Pranzo con Alina, l’ex ragazza di mio figlio e il suo nuovo boy-friend. Sono entrambi del Kazakistan. Scegliamo un ristorantino di Godowlia dove andavamo spesso proprio con Simone, mio figlio. E’ piacevole stare con loro perchè amano la cultura e sono molto educati. Con le persone che usano l’inglese come seconda lingua mi è più facile comunicare che con quelli di lingua madre, ma me la cavo.
Vedova al Khumb Mela insieme ad un pellegrinaggio di Delhi.
Nel pomeriggio torno sui ghat, ma si è alzato un po’ di vento e la temperatura è scesa in un attimo. E sono solo le 16 e 30!
Varanasi, 17 febbraio 2019
Dalla guest house vado a Godowlia percorrendo soltando le gali. Devo prelevare dei soldi al bancomat per cambiarli in dollari con Alina. Ho una scorta di euro per l’Iran, ma nel dubbio che possano accettare soltanto dollari, preferisco avere una riserva anche di quelli. Ho saputo da poco che, in Iran, non accettano le nostre carte né di credito né di debito, ed è un bel problema! Lungo la gali incrocio una capra vestita con un pullover beige, senza maniche, che sta riposando distesa su una pietra. Più avanti, incontro una donna musulmana con un bambino per mano: indossa il burqa, l’abito nero che copre il corpo dalla testa ai piedi, lasciando liberi soltanto gli occhi. Se ne vedono parecchie di donne vestite così, a Varanasi.
Godowlia, 17 febbraio 2017. Pellegrini, sempre in fila, per il Vishwanath Temple.

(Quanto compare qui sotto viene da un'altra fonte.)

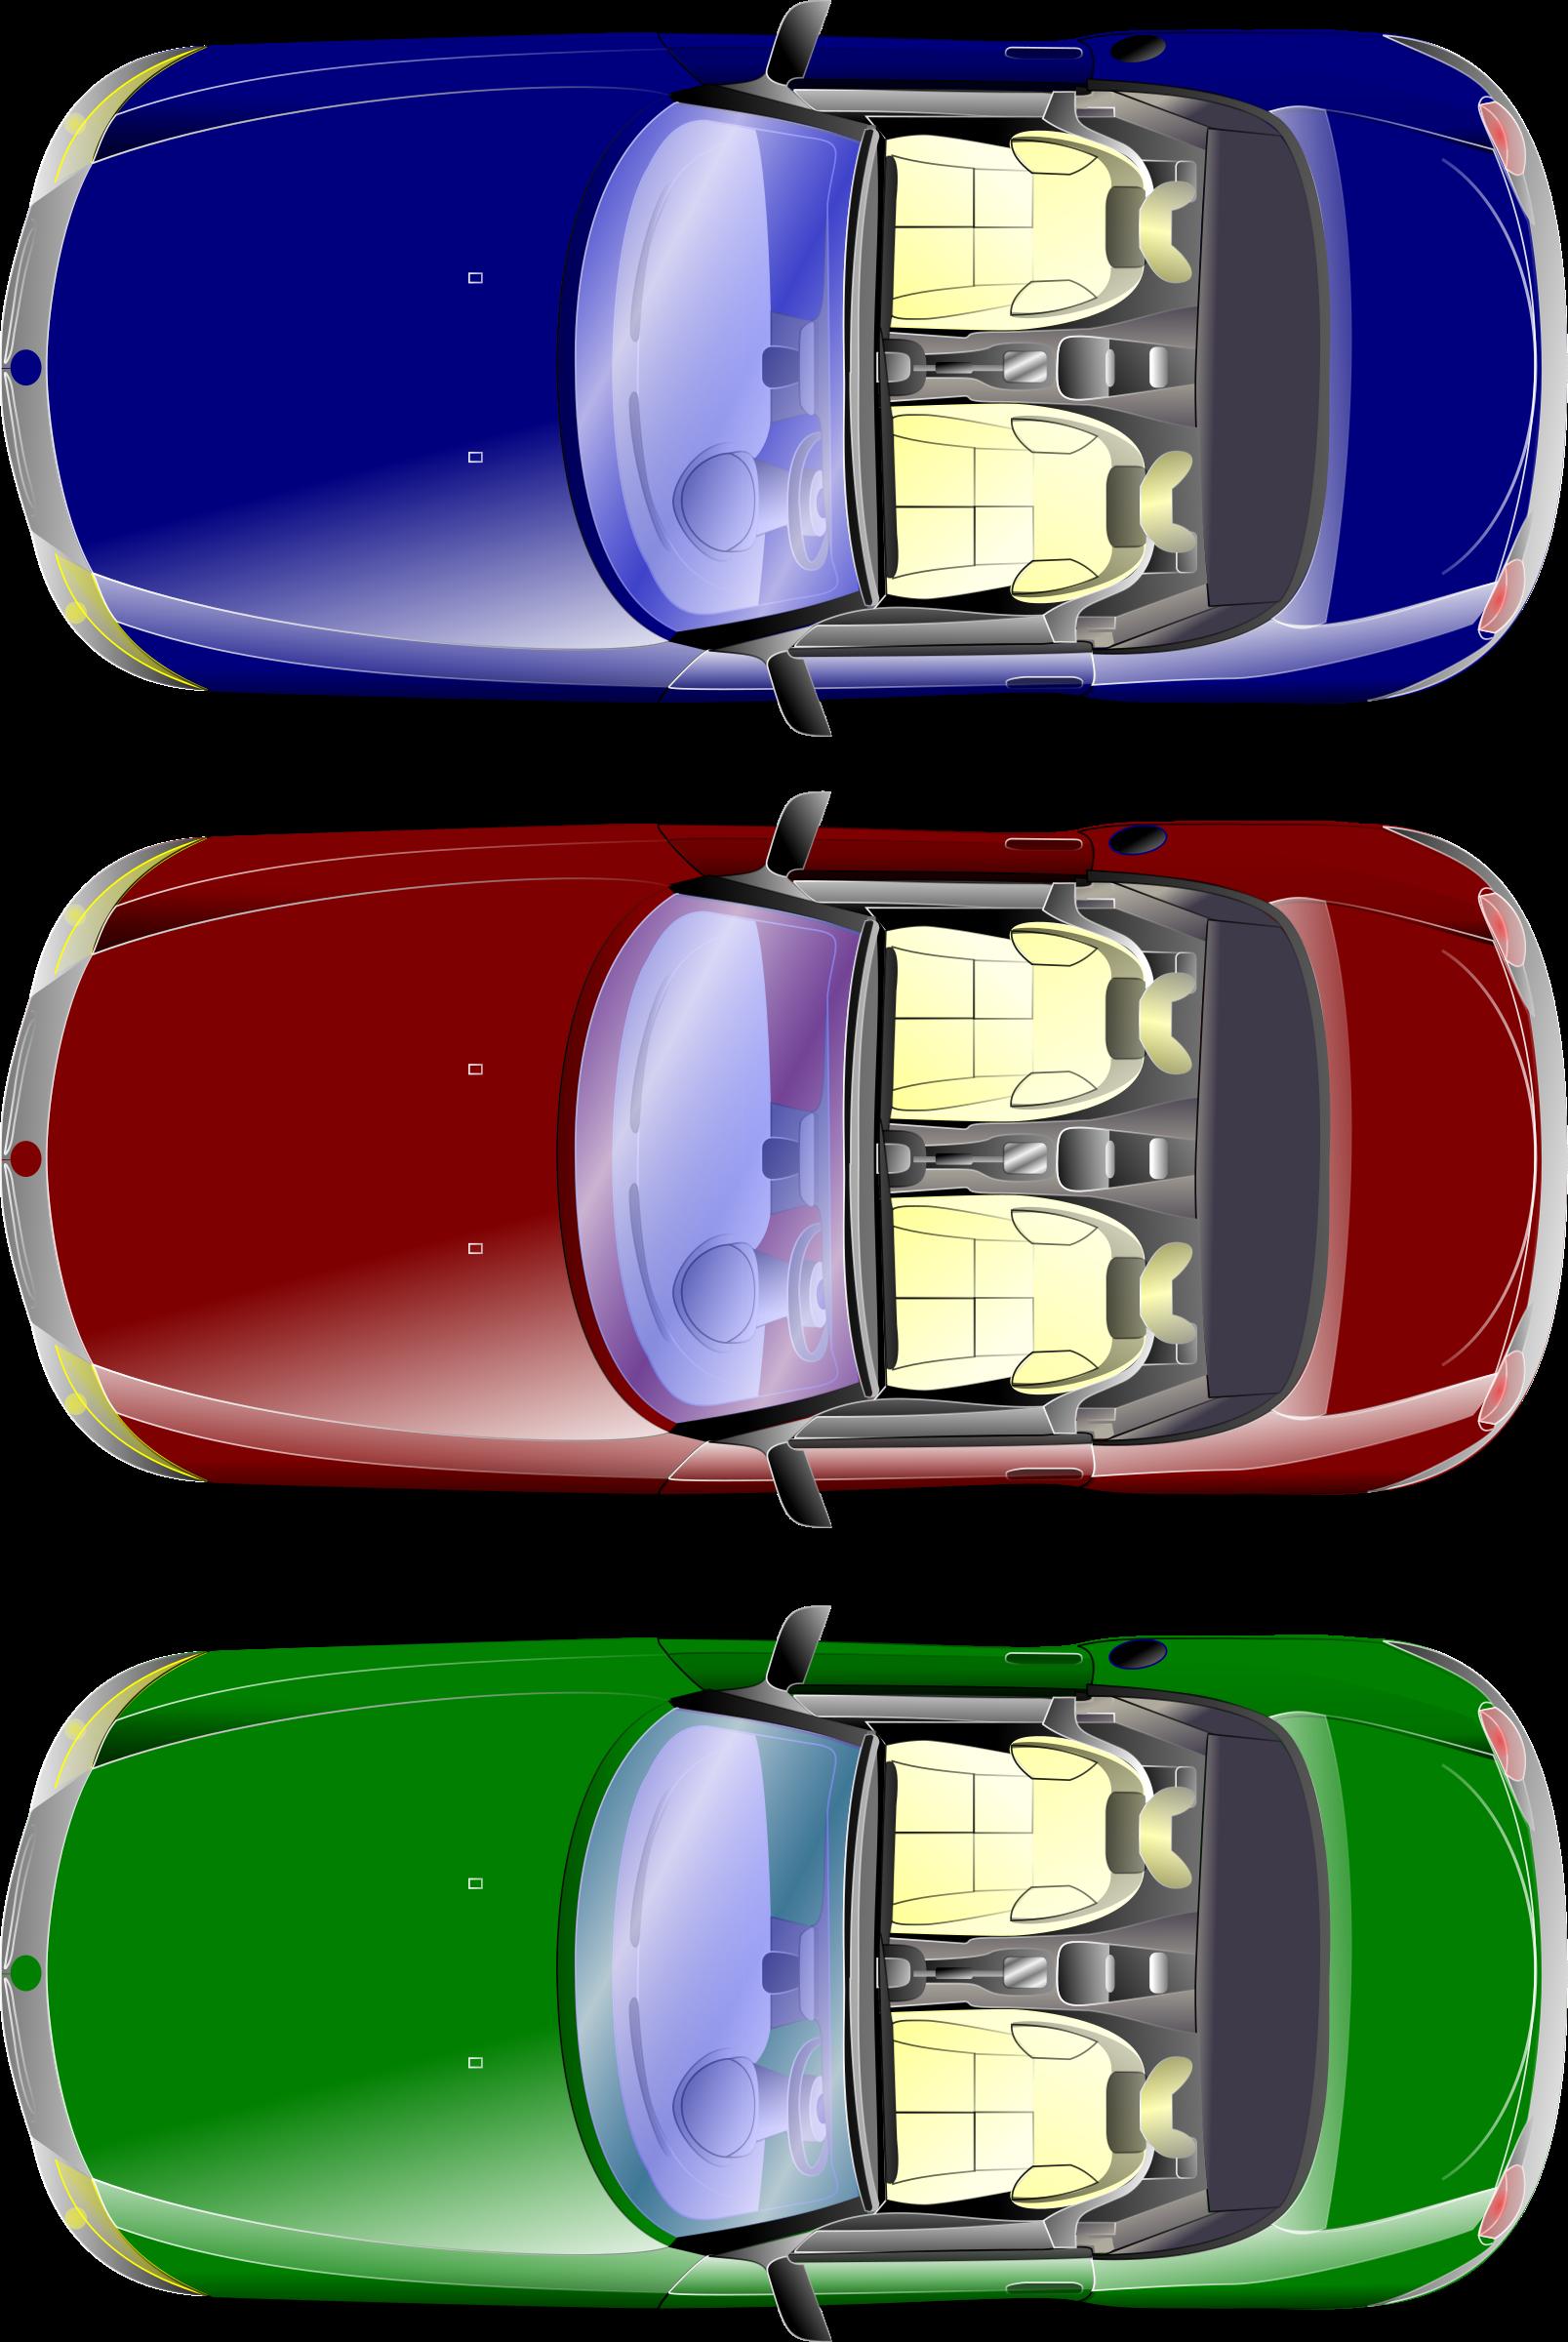 Clipart door top view. Car big image png

Dal viottolo, sbuco proprio davanti alla banca del J&K e, dopo il prelievo, mi fermo a guardare un gruppo di pellegrini del Rajasthan, seduti a far colazione su una panca.

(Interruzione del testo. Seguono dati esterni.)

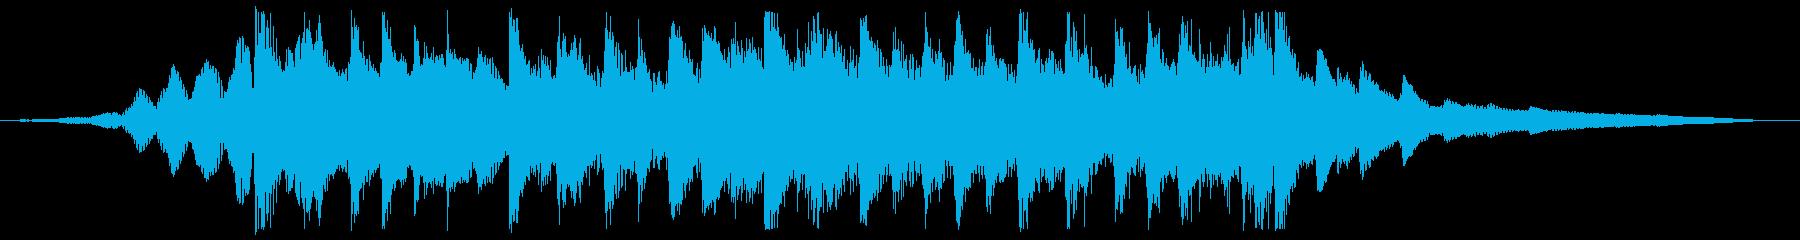 CM用14秒、次世代、スタイリッシュ製品の再生済みの波形

Accampamenti e pellegrini all’Harishchandra ghat. 17 febbraio 2019.
Proseguo sulla Sonarpura road fino a quando vedo indicato l’Harishchandra ghat e mi addentro sul lungo fiume.

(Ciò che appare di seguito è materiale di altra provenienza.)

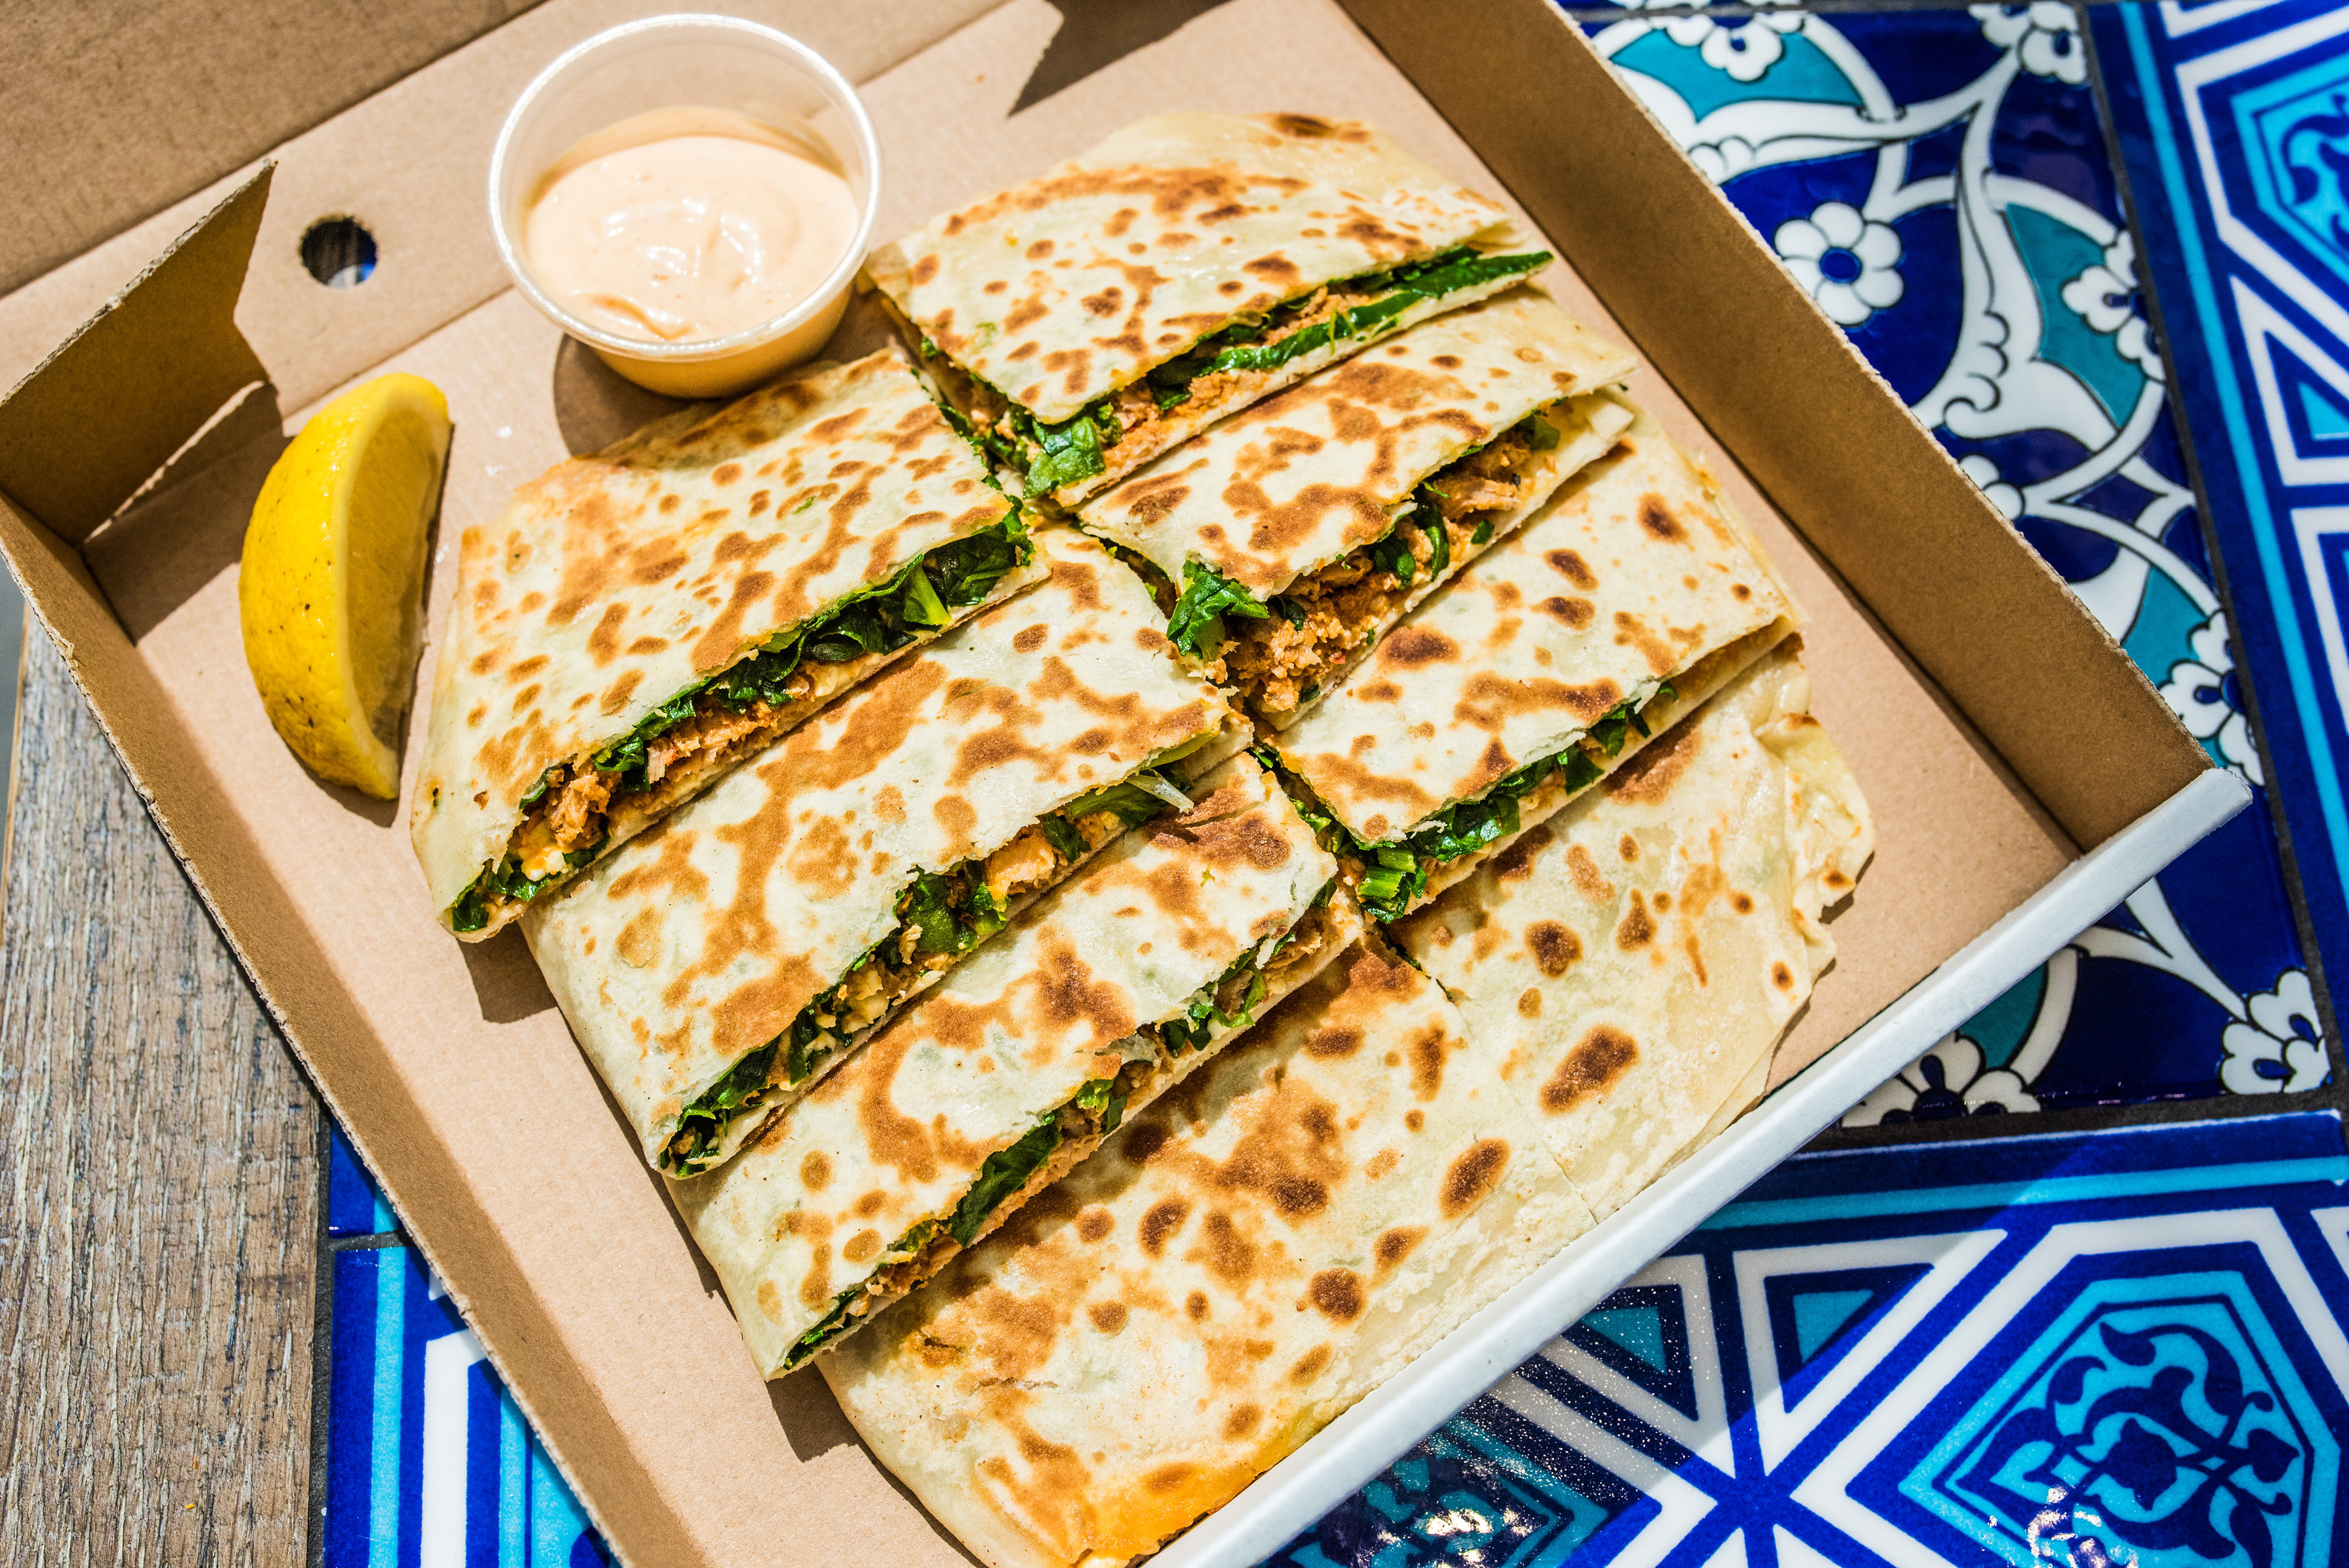 healthy-fresh-fast-gozleme-king-australias-premier-turkish-street-food-1

Le tende dei sadhu sono concentrate maggiormente intorno a questo ghat delle cremazioni. I nuovi arrivi sono moltissimi e i ripari continuano ad aumentare.
Momento del cjai in una tenda di sadhu, nei pressi dell’Harishchandra ghat. 17 febbraio 2019.
Ogni tenda ha davanti il focolare costituito da un contorno in cemento, con i bordi rialzati per trattenere la legna e la cenere. I fuochi sono quasi tutti accesi e di fronte al focolare, all’interno delle tende, stanno seduti alcuni sadhu, quasi sempre nudi e ricoperti di cenere.
Esterno di una tenda, con bicicletta, nei pressi dell’Harishchandra ghat.
Tra i sadhu ci sono parecchi giovani, anche stranieri che insieme ai numerosi anziani costituiscono un notevole numero di persone che stanno vivendo una dimensione alternativa. Dirigo lo sguardo verso l’alto e anche in questo ghat oggi noto, per la prima volta, due enormi camini d’acciaio che s’innalzano rigogliosi, sul tetto dell’edificio delle cremazioni.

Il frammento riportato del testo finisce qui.